An unelected government declares the center of its capital a free-fire zone. Army snipers positioned on rooftops gun down demonstrators. The demonstrators are supporters of the previous, democratically elected government – ousted in a judicial/parliamentary coup backed by the army. It is the second time in four years that an elected government supported by the demonstrators has been removed in a coup.
This is the reality of Thailand today as a government crackdown on the Red Shirts that has so far claimed 29 lives enters its 5th day.
You might expect human rights organizations to be besieging the media, demonstrating outside Thai embassies and organizing boycotts.
But search on the website of Amnesty International for "Thailand" and you will see the message "no results found". Amnesty refuses to adopt people jailed under Thailand's draconian lèse majesté laws as prisoners of conscience.
Human Rights Watch is calling for the government – yes the same government that is gunning down its citizens – to arrest wrongdoers "from both sides." You could hardly make it up.
Perhaps you expect the international press to be carrying editorials denouncing the government's use of force? Actually the papers are full of hints that the violence is being fomented by "dark forces" among the demonstrators. When a Red Shirt leader was hit in the head by a sniper's bullet – while being interviewed by the New York Times – the press?printed?government rumors that a faction within the Red Shirts had shot one of their own.
The media constantly repeat the government canard that the Red Shirts are former Prime Minister Taksin Shinawat's rent-a-crowd. Perhaps the journalists have not asked themselves the question; do demonstrators really face armed troops for money? How much are they being paid to lay down their lives?
The quasi-fascist Yellow Shirts, whose strong-arm occupation of Bangkok Airport (with the kind permission of the army) helped bring down the previous elected government, is more honest. It says Taksin "bought" the loyalty of the poor by introducing a universal health care scheme. People voting for policies that benefit them! Whatever next?
It is really not so difficult to explain the strange silence on Thailand. This is a class war.
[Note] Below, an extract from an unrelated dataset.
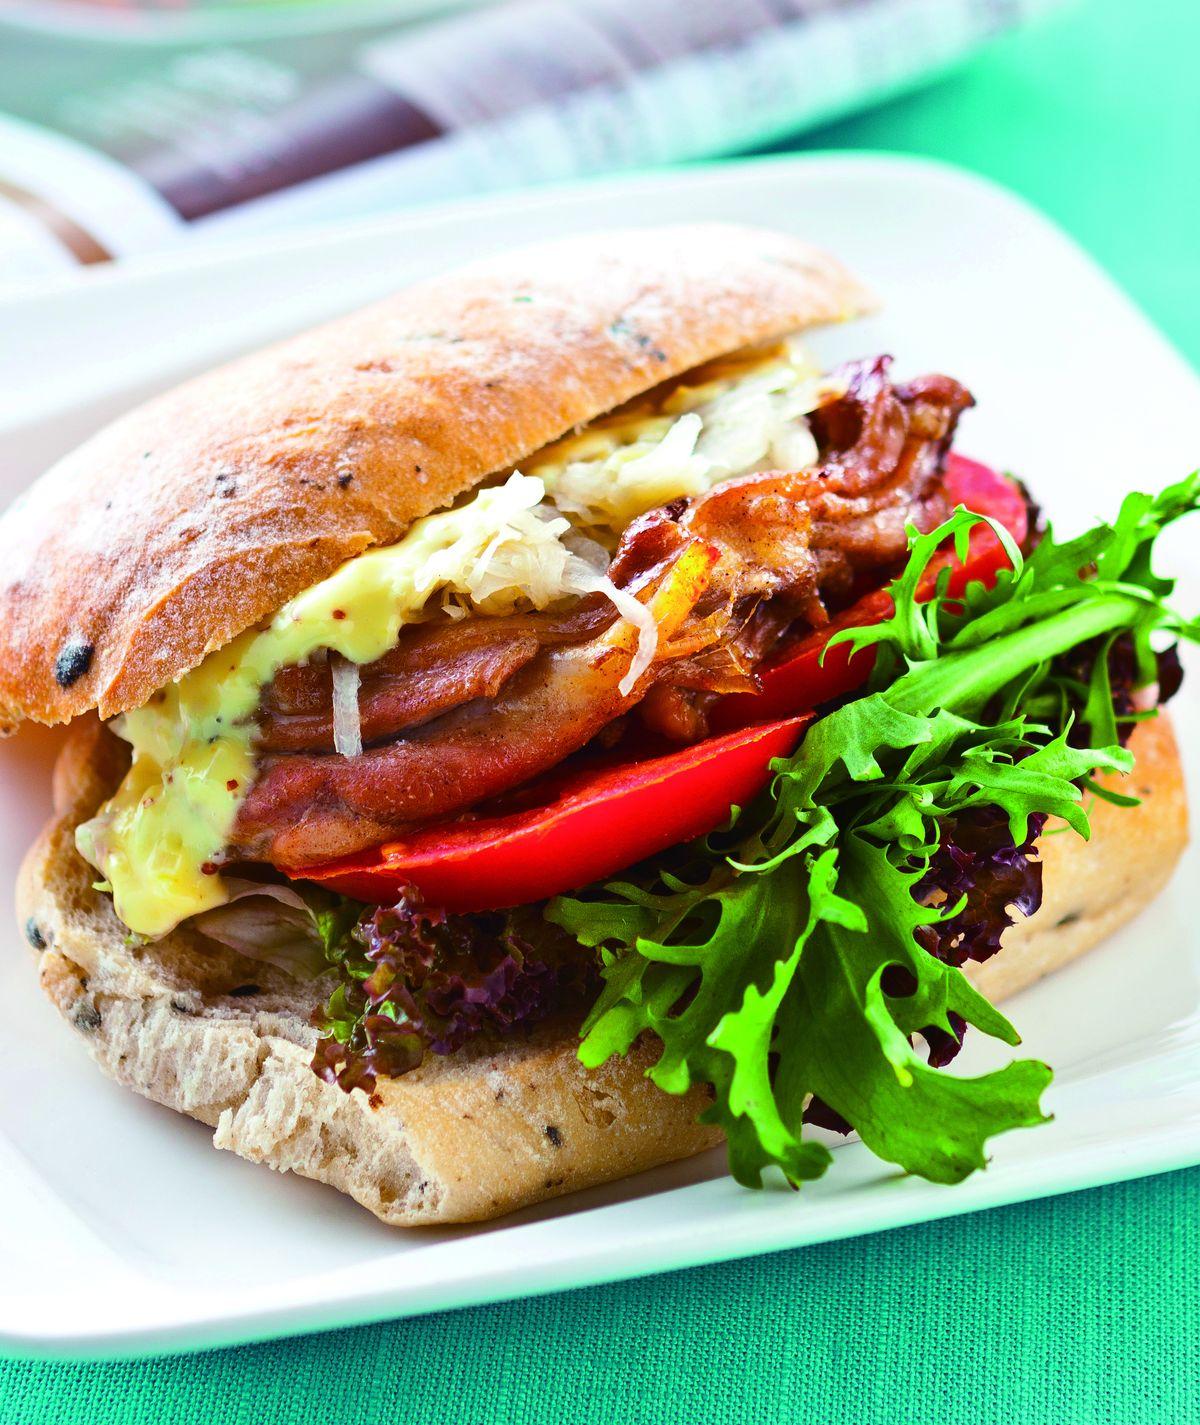 食譜:烤雞腿酸菜三明治

It is a movement of farmers and factory workers; of those who slave as taxi drivers, waitresses and bar girls, servicing tourists who, according to age and taste, go "totally tribal" on a desert island, get stoned and have inappropriate piercings, or hang out in the go-go bars of Bangkok and Pattaya.
Everyone just wishes these annoying poor people would go away so the fun and the money-making can continue.
Meanwhile, on the other side of the barricades, is the baby-faced, Oxford-educated, well-spoken Prime Minister, Abhisit Vejjajiva – head of the perfect pro-business administration – a government of business, for business, by business.
And that is just what the human rights organizations and the press like.
Meanwhile, we sit and wait for news of a massacre in the "land of smiles."